Washington Trump Unterzeichnung Dekret Pipelineausbau Keystone XL
US-Präsident Trump forciert den umstrittenen Bau der Pipeline Keystone XL wieder. Bild: Reuters/K. Lamarque

Dass der Ölmanager fossilen Brennstoffen gute Zukunftschancen einräumt, konnte dabei kaum verwundern. Mit welchem kraftstrotzenden Selbstvertrauen er dies aber verband, erinnerte viele Zuschauer an die neuen Machtverhältnisse in Washington und die einschneidenden Veränderungen, die daraus resultieren könnten. In Richtung Deutschland sagte Colton: "Wer besonders weit voranprescht beim Klimaschutz, der verfehlt seine Ziele auch leicht." Dabei verwies der Texaner auf das Ziel der Bundesregierung, dass hierzulande bis 2030 rund 40 Prozent weniger Treibhausgase ausgestoßen werden sollen. Letzte Berechnungen zeigen, dass dieses Ziel wohl um knapp sieben Prozent verfehlt wird. Derlei Zielverfehlungen würden in den USA sehr wohl wahrgenommen. 

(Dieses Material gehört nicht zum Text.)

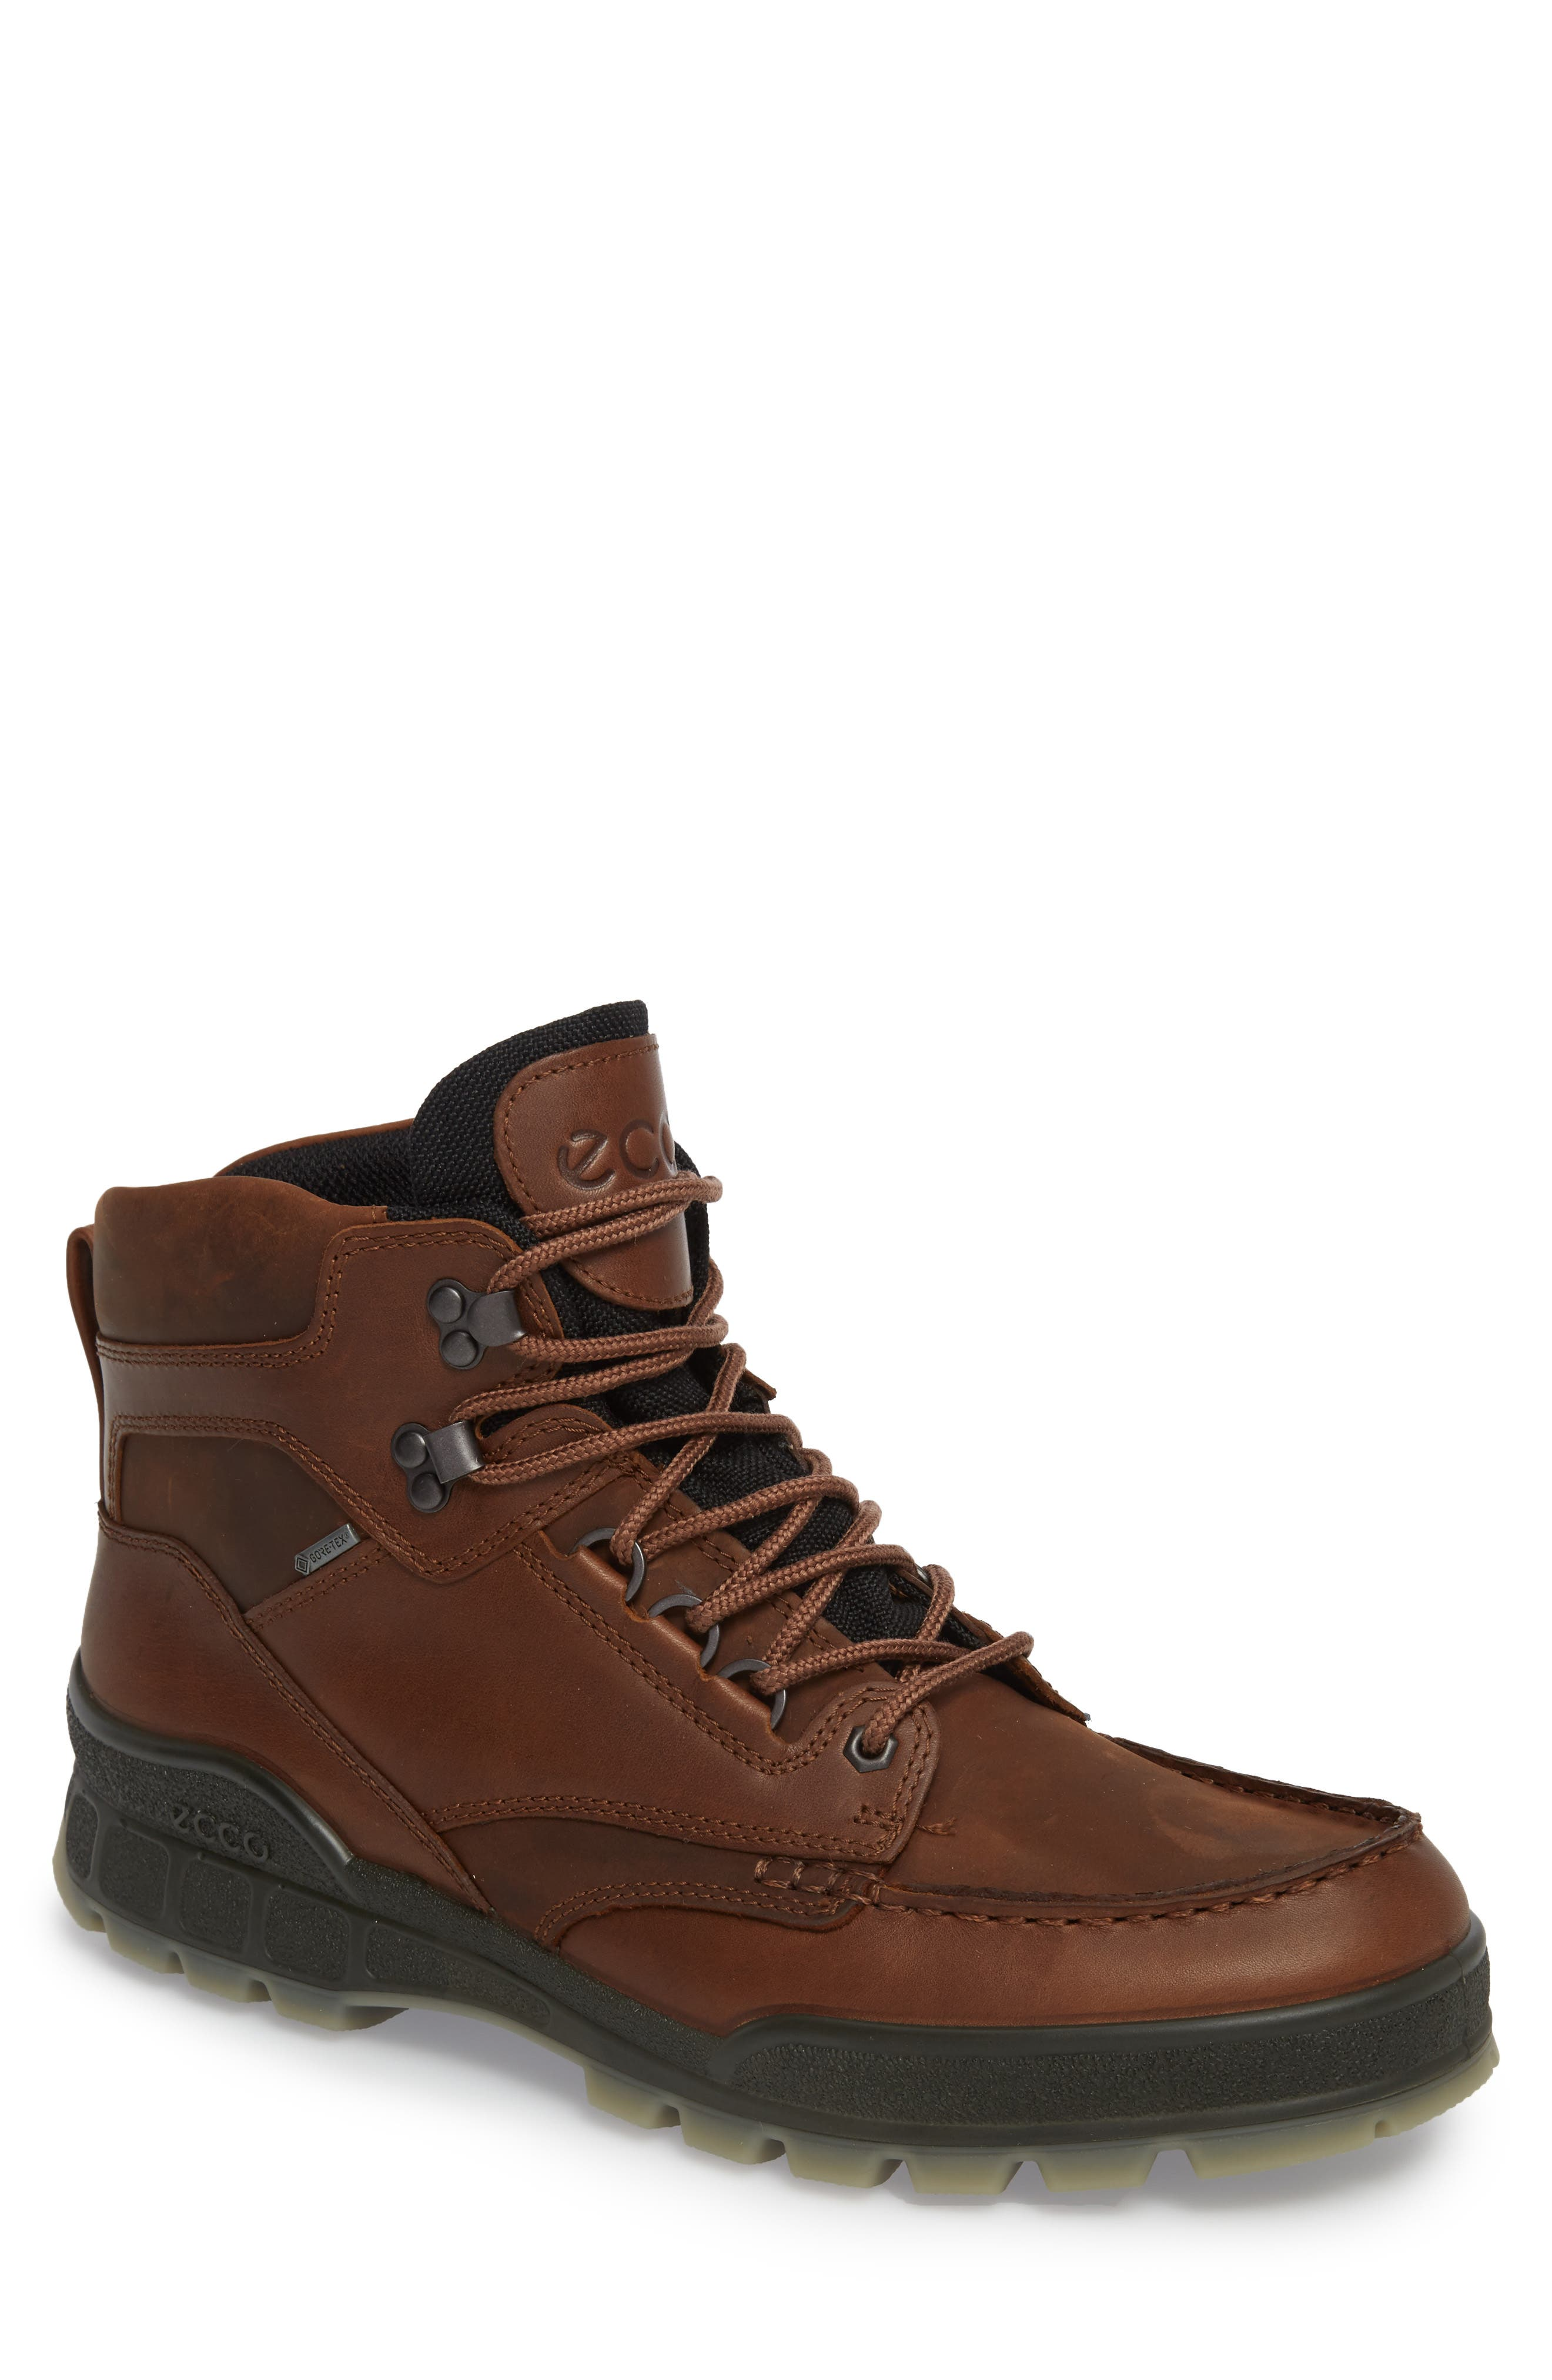 florsheim shoes bangalore weather in celsius

Deutschland: Einzelgänger oder Vorreiter?

Auf Kritik wie diese hatte der Noch-Wirtschaftsminister Gabriel bereits am Vortag reagiert. Er hob hervor, dass es zu den großen Erfolgen der aktuellen Bundesregierung von Union und SPD zähle, die übergeordneten Emissionsminderungsziele auf ganz konkrete Verpflichtungen in den einzelnen Energiebereichen heruntergebrochen zu haben. Im Klimaschutzplan 2050, den die Bundesregierung nach viel Zwist dann doch noch auf der Klimakonferenz in Marrakesch im Dezember präsentieren konnte, wird dargelegt, wie viel Treibhausgase bei Verkehr, Landwirtschaft, Stromproduktion oder Heizungsanlagen bis 2050 eingespart werden muss.

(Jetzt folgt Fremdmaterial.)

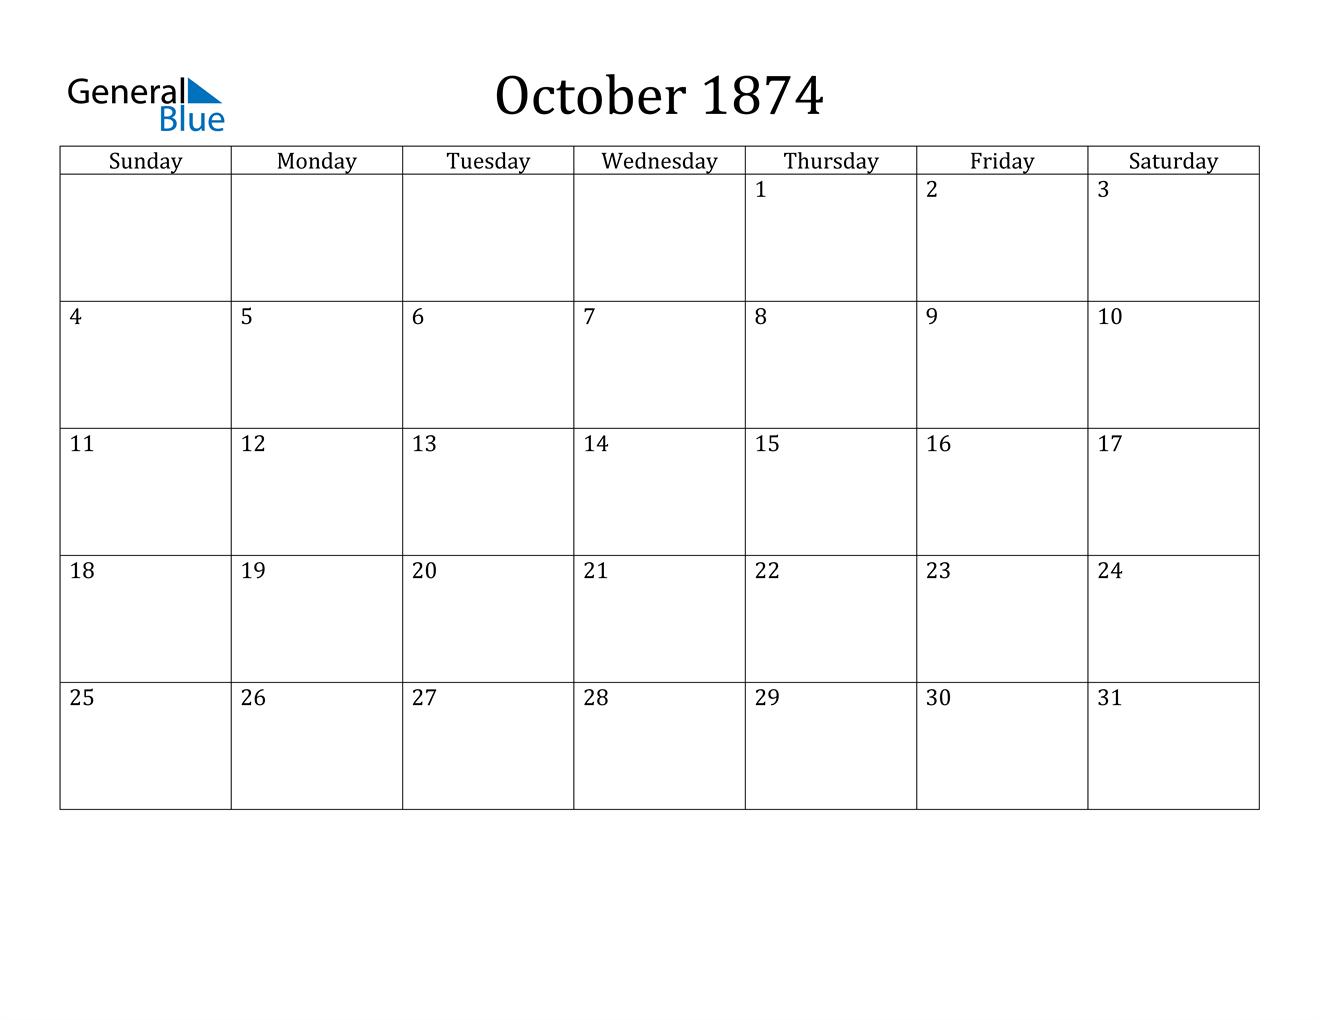 Image of October 1874 Calendar

"Kein anderes Land hat einen so detaillierten und so ambitionierten Plan", lobte der Energieminister seine Regierungsarbeit und verband seinen letzten Auftritt in diesem Amt damit, die deutsche Energiewende als Gegenmodell zu den rückwärtsgewandten Kohle- und Erdöl-Plänen Trumps zu positionieren. "Die Energiewende macht volkswirtschaftlich Sinn", sagte Gabriel. Und dies würden inzwischen so viele Länder weltweit verstehen, dass er keine Angst um das Momentum beim weltweiten Klimaschutzdialog habe.